Первый раз я узнал про онкологию в двенадцать, когда у нашего соседа была неоперабельная опухоль желудка. Впрочем, нельзя говорить "узнал", скорее услышал и почувствовал. Я слышал его крики за стеной, иногда было невозможно уснуть, вначале было очень страшно, а потом вообще перестаешь обращать внимание. Это была семья "свидетей Иеговы", и они предпочитали крики обезболивающим.
Мой дядя говорит, что после операции его начали преследовать панические атаки. Ему снятся обшарпанные коридоры, добросовестные врачи и медсестры, за спинами врачей требующие взятки. Самое страшное - снится комната, доверху набитая вырезанными опухолями, не дашь взятку - вошьют обратно.
Мать моей знакомой слышала, как опухоль говорила с ней.

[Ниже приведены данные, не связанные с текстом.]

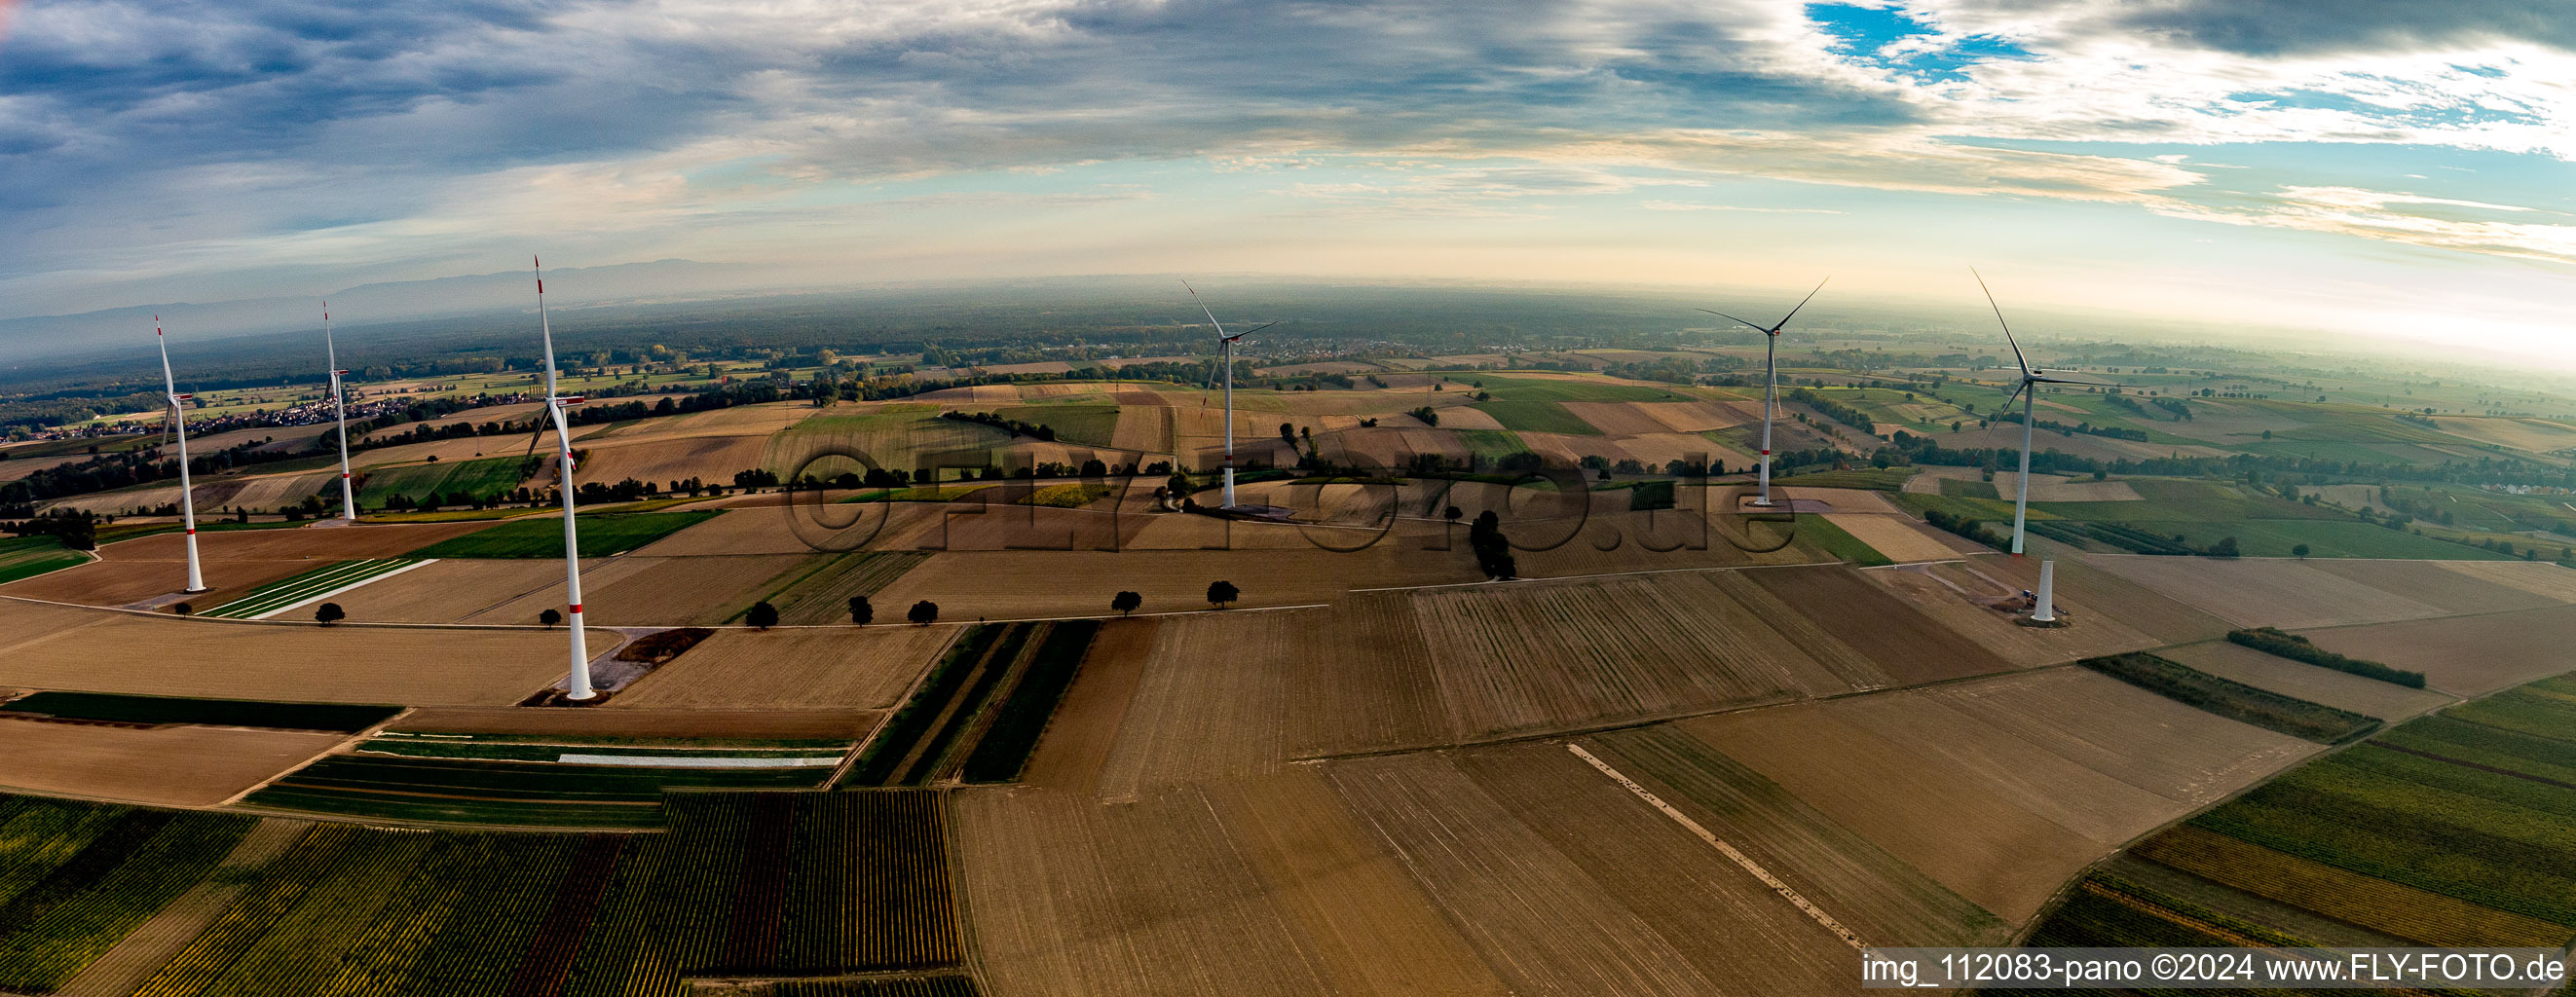 Vue aérienne de Parc éolien EnBW - éolienne avec 6 éoliennes dans un champ à Freckenfeld dans le département Rhénanie-Palatinat, Allemagne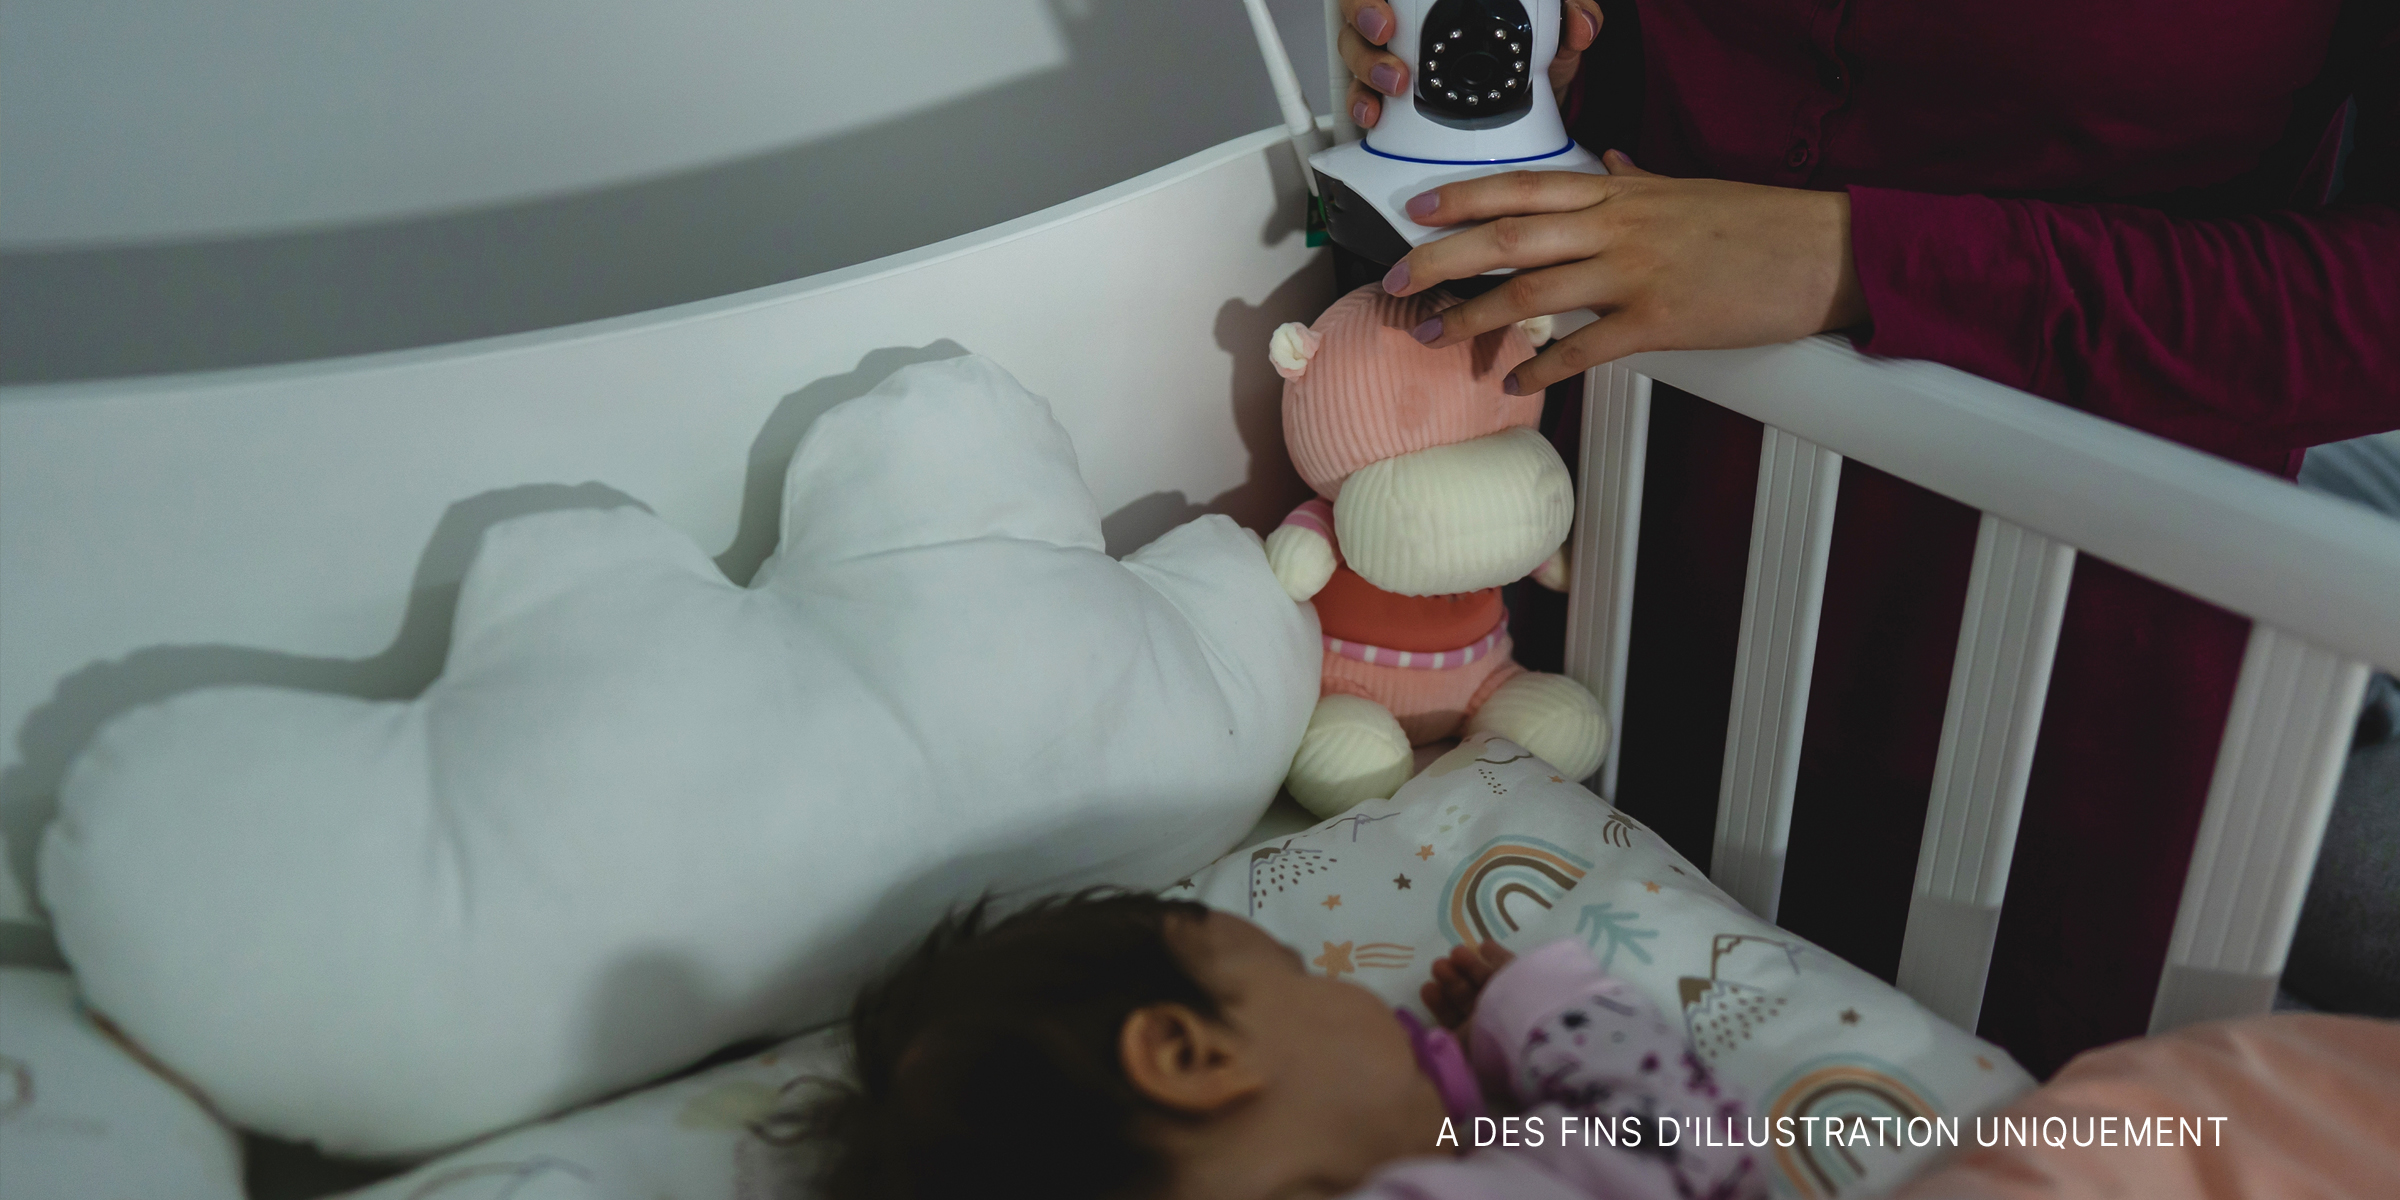 Caméra de surveillance dans la chambre des enfants | Source : Shutterstock

В моей семье никогда не обсуждали рак, и мне всегда казалось, что это некая нефть, какая-то страшная первоматерия, разговор о которой = бурение скважины. Мои друзья [в том числе канцерофобы], если и говорили, то шепотом, эсхатологически. До момента, когда мне на почту прислали книжку Кирилла Волкова, я все это представлял исключительно в багровых тонах, через знаки и смыслы пыточной камеры, максимально далеко, максимально инфернально; бессмысленная, все уничтожающая нефть, прокладывающая свои метастазы сквозь реальность.
Есть ощущение, что большая часть людей в России через те или иные опыты [не]думает о раке примерно так же, как я. И поэтому вот эта другая - внутренняя, но максимально антипатологичная, незаупокойная, вне надрыва - оптика Кирилла кажется мне предельно необходимой.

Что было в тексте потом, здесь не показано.